While Mosaic or Netscape was dominant, you could either stubbornly author your documents in accordance to the specification, or just adopt Netscape's extensions and have the most spankingly new pages without being sure everyone could actually read them. Usually, there was a middle ground between these two extremes that could ensure that your documents were both featured and accessible.

But now, you have a specification on one side and two popular implementations, neither of which agrees with the specification, while they don't even agree with each other.

In the mean time, the W3C (of which both Netscape and Microsoft are paying members) was developing its own advancements in HTML. Most of these, included in works such as HTML+ and HTML 3.0, were scrapped and never used in light of the advancements of Navigator and Explorer. Instead, the W3C published HTML 3.2, which tried to reflect the current state of HTML as presented in Navigator and Explorer at the time. More recently, the W3C published HTML 4.0, the latest HTML specification that features many advancements and covers most of the needs of today's Web authors.
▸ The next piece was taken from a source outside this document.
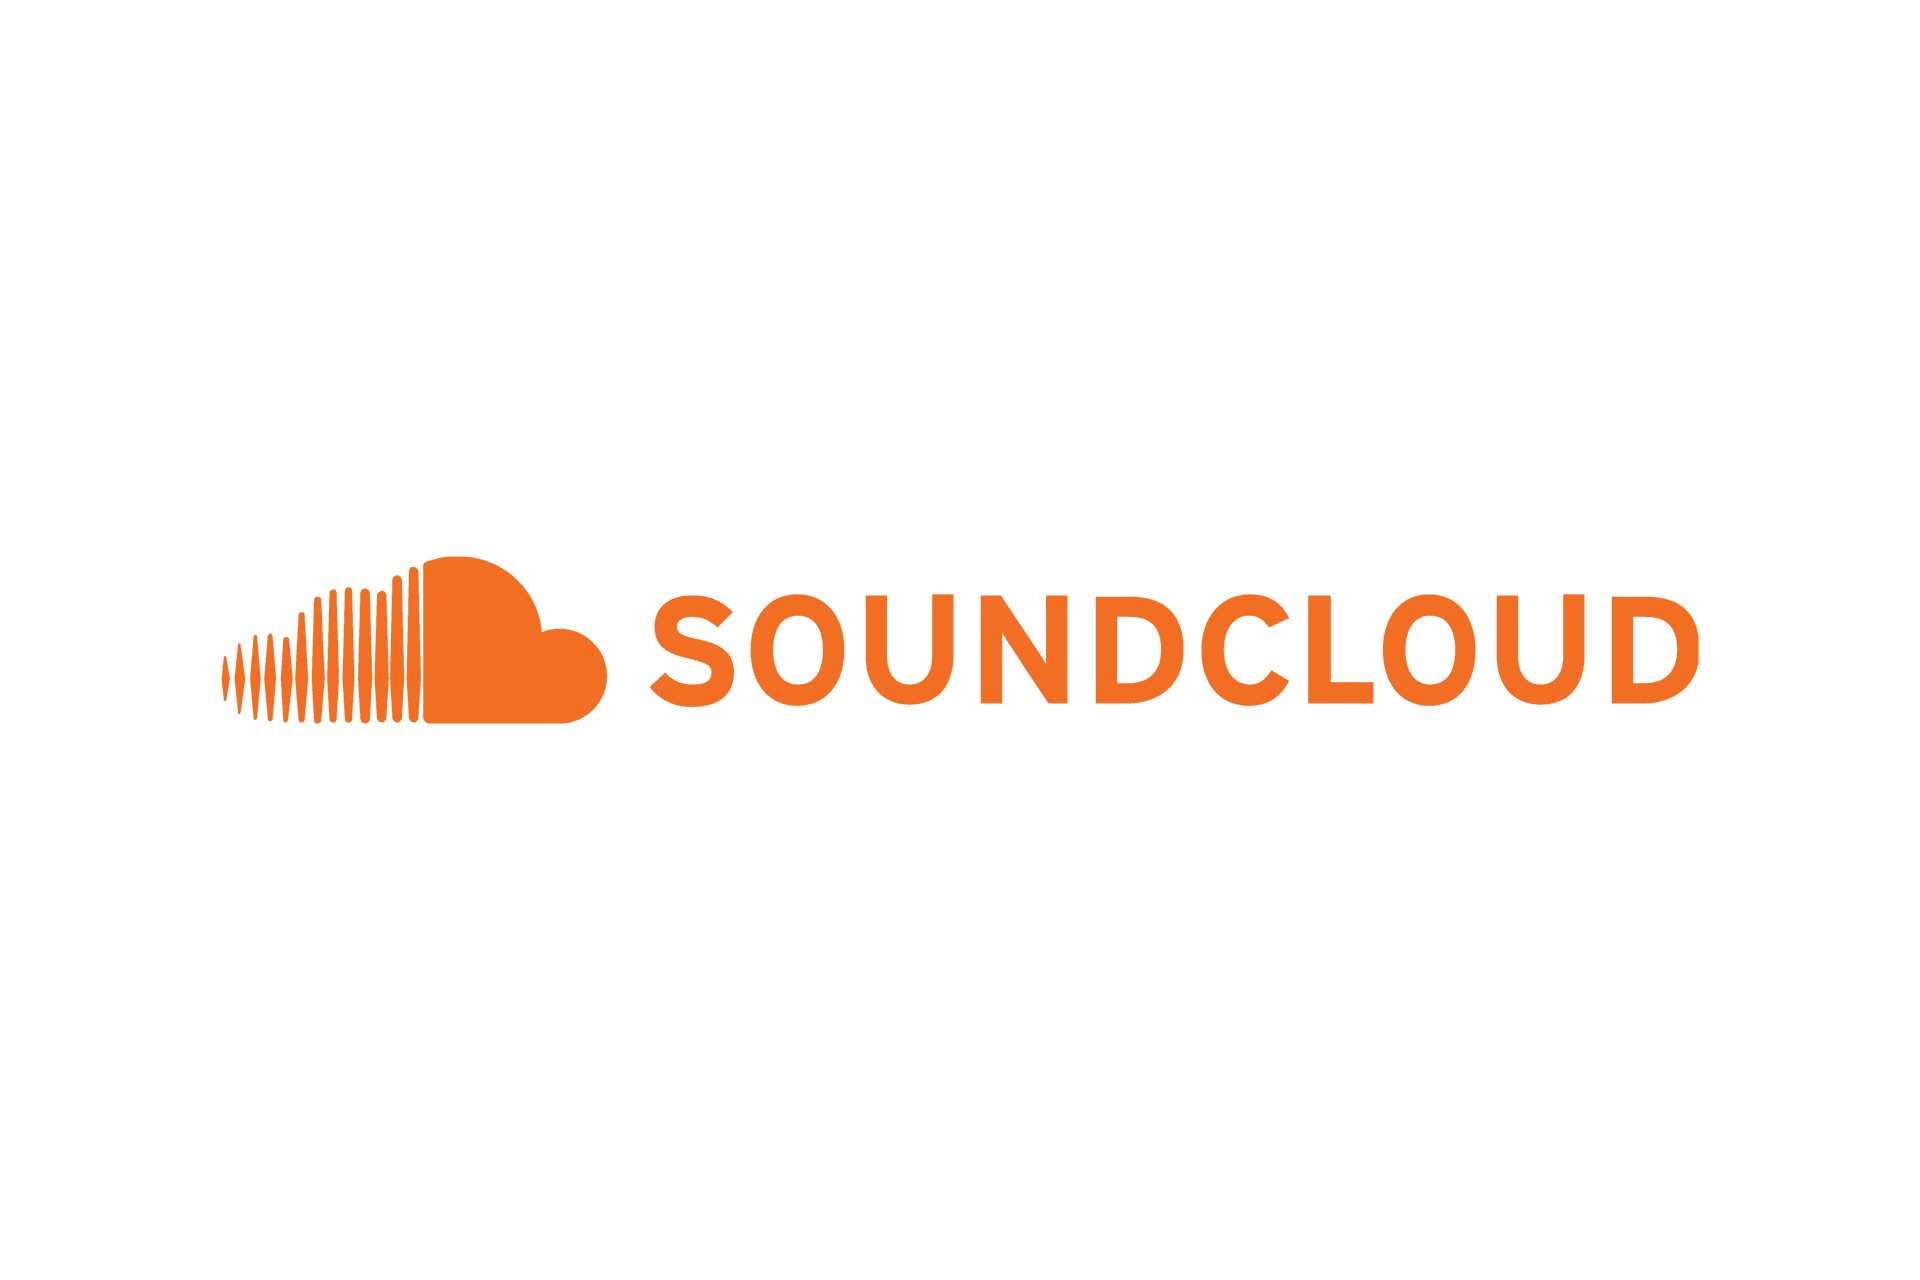 Unlock infinite music with Soundcloud and get inspired

So let's see where we, the authors of HTML documents, stand. We have a specification that allows us to do all the things we want to do, and this is great. However, a great percentage of our potential audience will be reading our documents using a browser that does not support most of the stuff in the specification, while it supports a whole host of other stuff not in the specification. And as if that wasn't enough, we have another browser, used by another great percentage of our audience, that understands different bits and introduces even more different bits.
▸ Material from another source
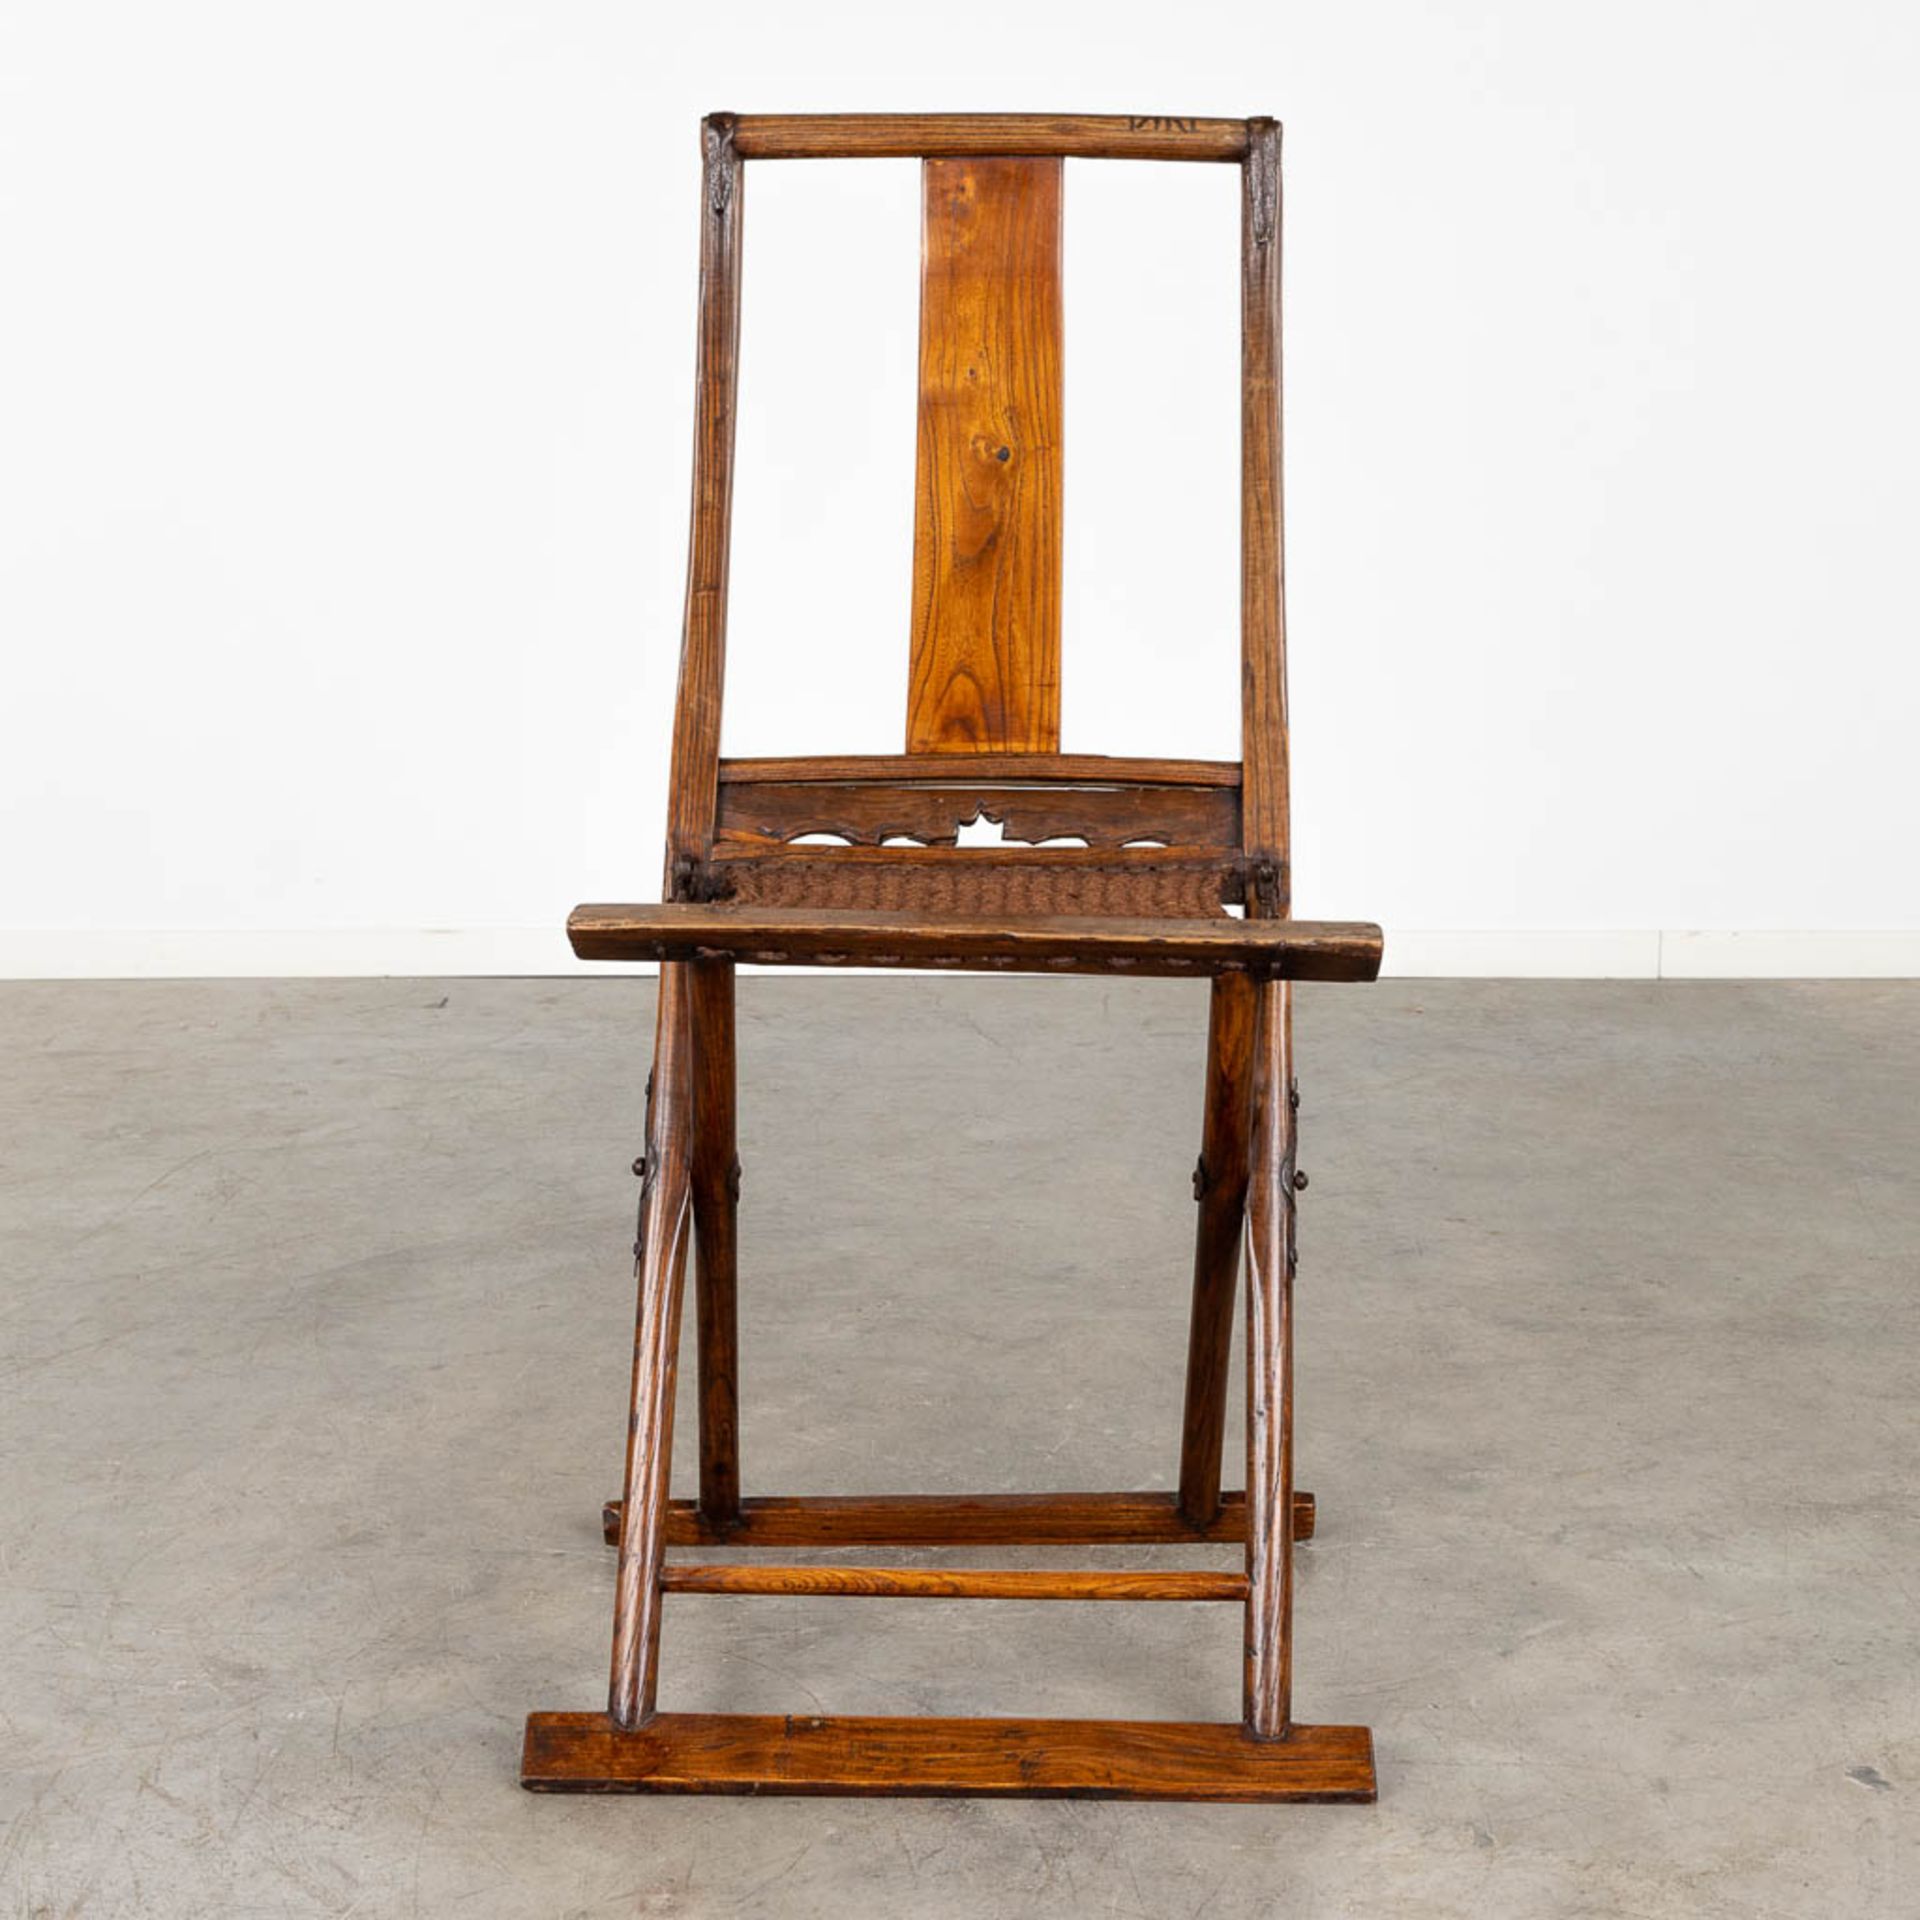 An antique Chinese travellers folding chair, probably 18th/19th C. (D:50 x W:60 x H:116 cm) - Image 3 of 12

The easy thing for me to do would be to teach you HTML 4.0. This would be great, but then you'd all come back whining because your documents don't work right with your browser. Another way is to teach you what Explorer and Navigator support. This is difficult, since they support different things, but feasible if you can strike the right balance. But there are other problems with this approach. We'll deal with those later on.

So, let's make a small recap: There are three specifications for HTML: 2.0, 3.2 and 4.0. None of these was ever supported by a widely popular browser. The most popular browsers today are Netscape Navigator and Microsoft Internet Explorer. The majority of other browsers are close enough to the specification so that you don't have to consider them a separate category. What we're looking for is a sure-fire way of authoring HTML documents that can be both powerful and accessible to the widest possible audience.

Before we find an answer to this question, let's look at how SGML fits into this picture. SGML, as I have mentioned previously, is a markup language that defines markup languages.